— Data below —
----------------

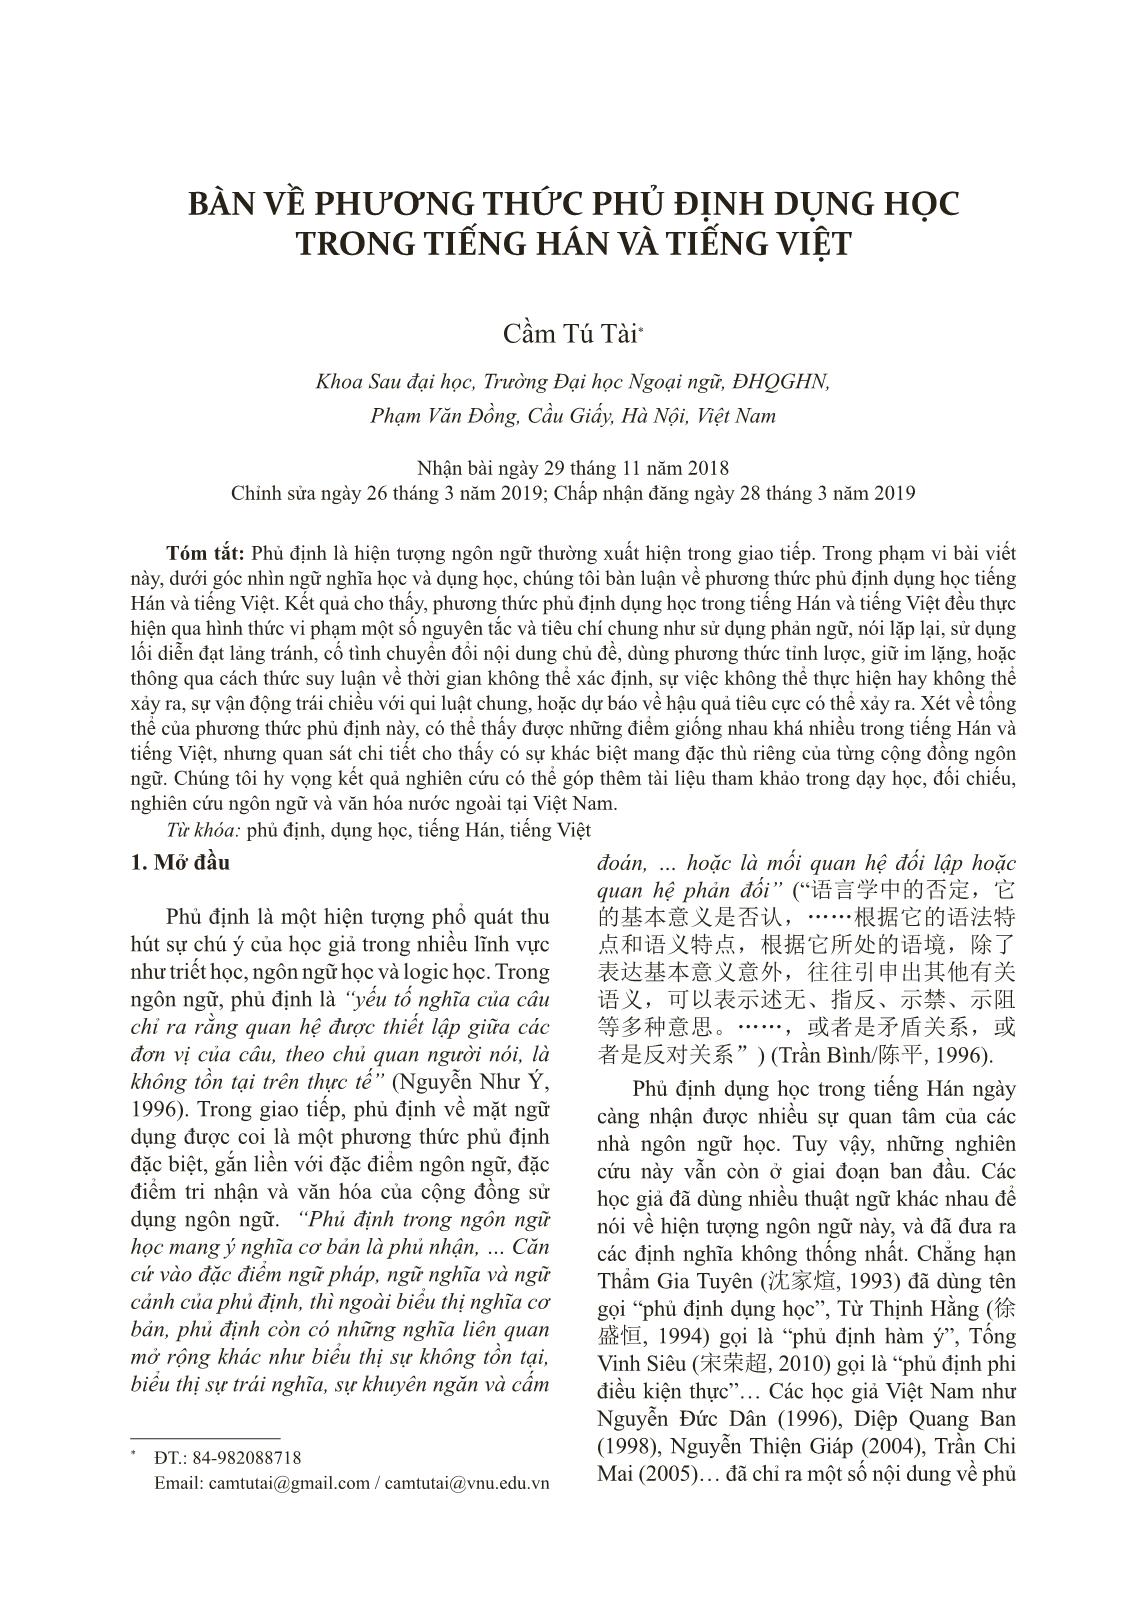 Bàn về phương thức phủ định dụng học trong tiếng Hán và tiếng Việt trang 1
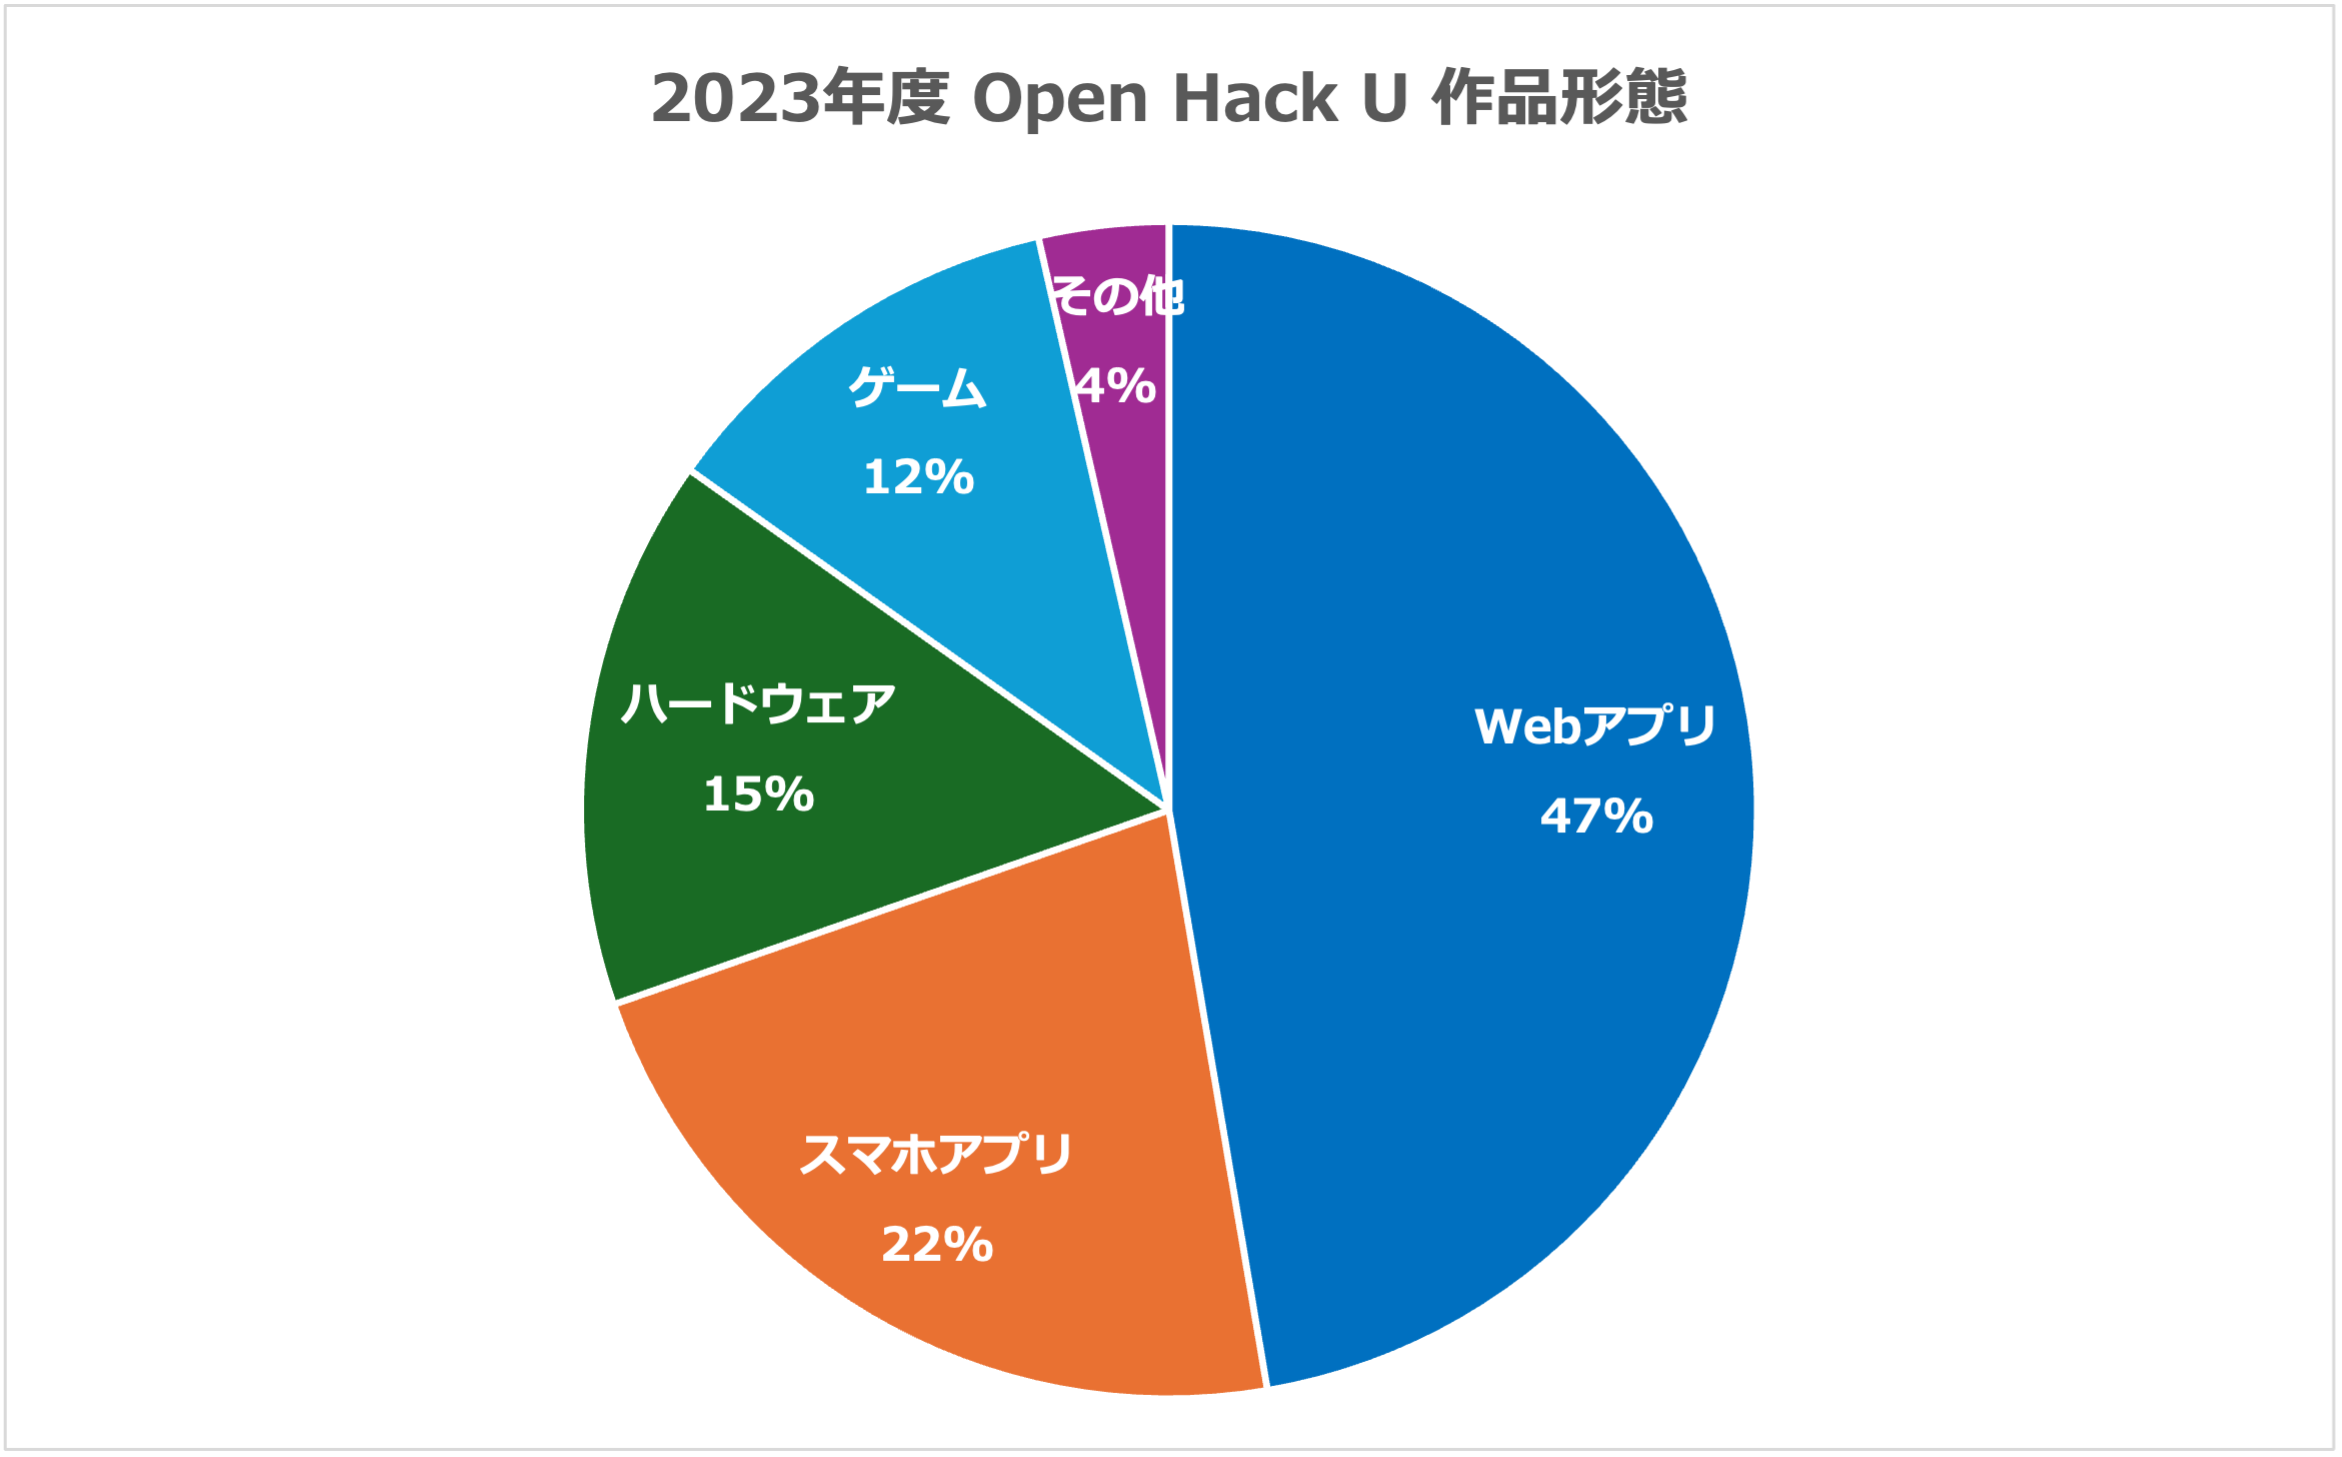 2023年度 Open Hack U 作品形態
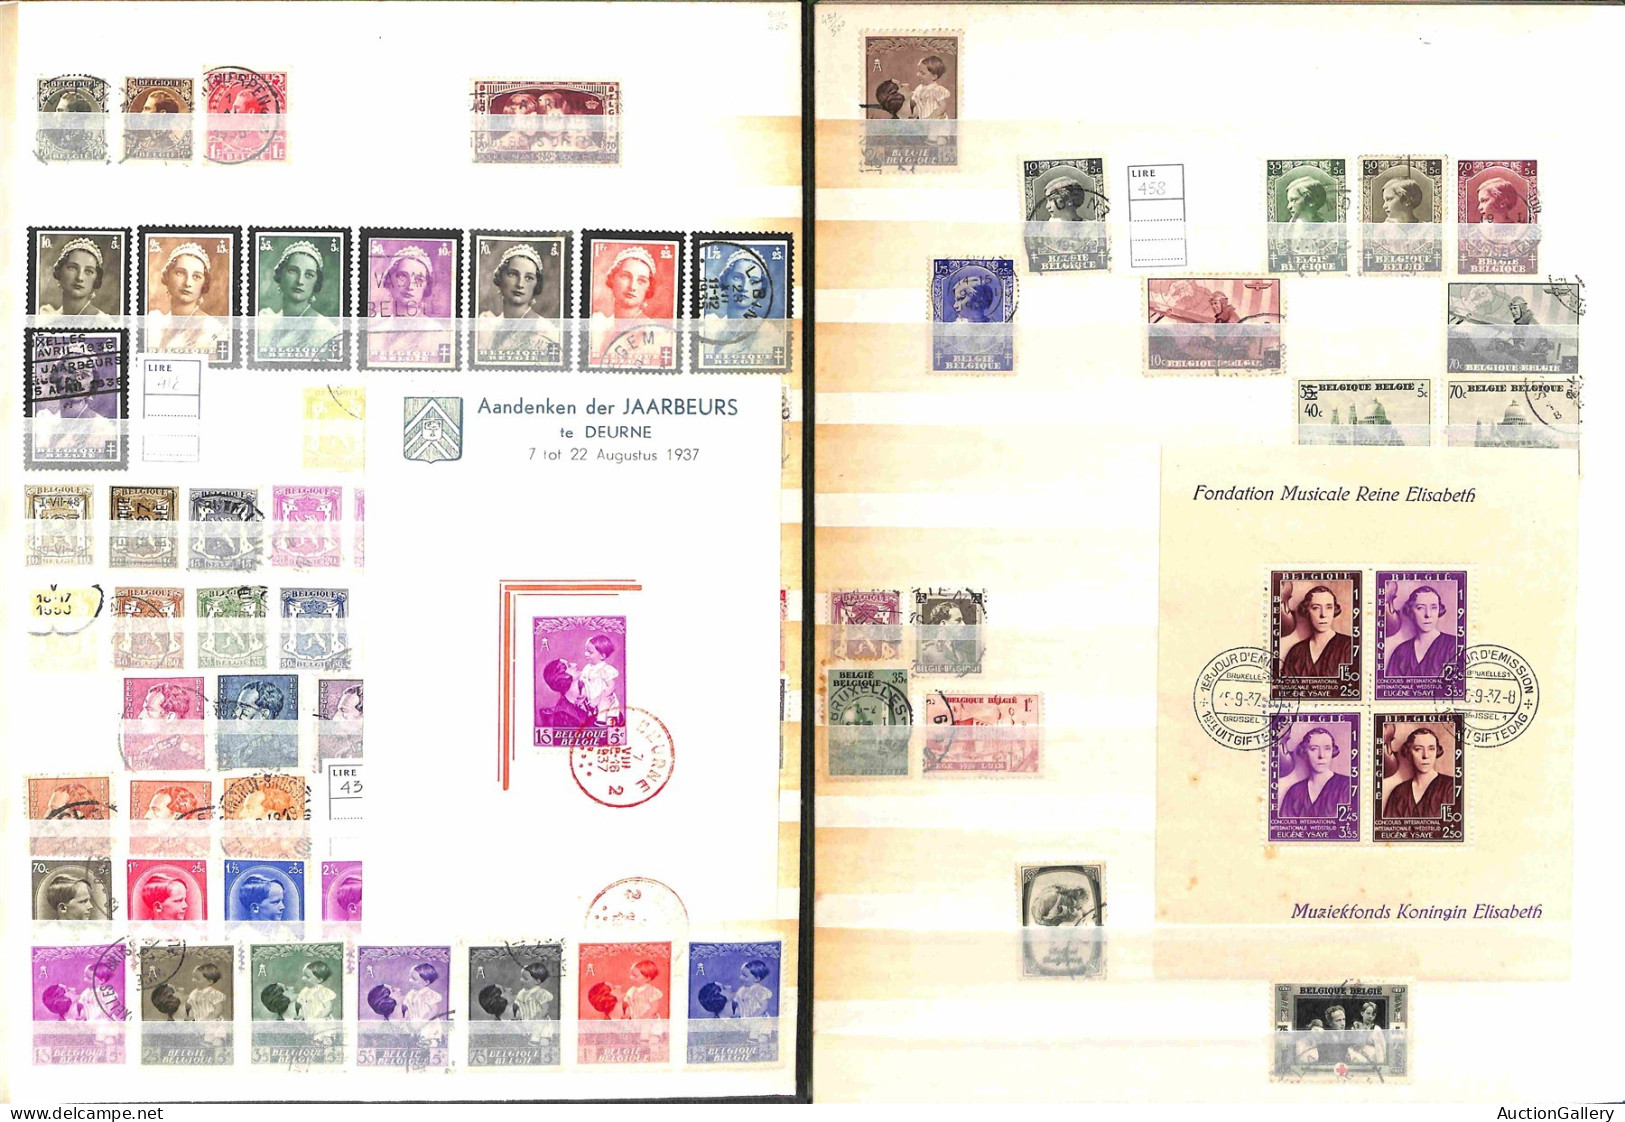 Lotti e Collezioni - Europa e Oltremare - BELGIO - 1849/1991 - Collezione di valori serie complete e alcuni foglietti de

----------------

— Work task —
Write out the material exactly as it stands, omitting every picture.

— Answer to this task —
 Bàn về phương thức phủ định dụng học trong tiếng Hán và tiếng Việt trang 1
 2023年度 Open Hack U 作品形態
 Lotti e Collezioni - Europa e Oltremare - BELGIO - 1849/1991 - Collezione di valori serie complete e alcuni foglietti de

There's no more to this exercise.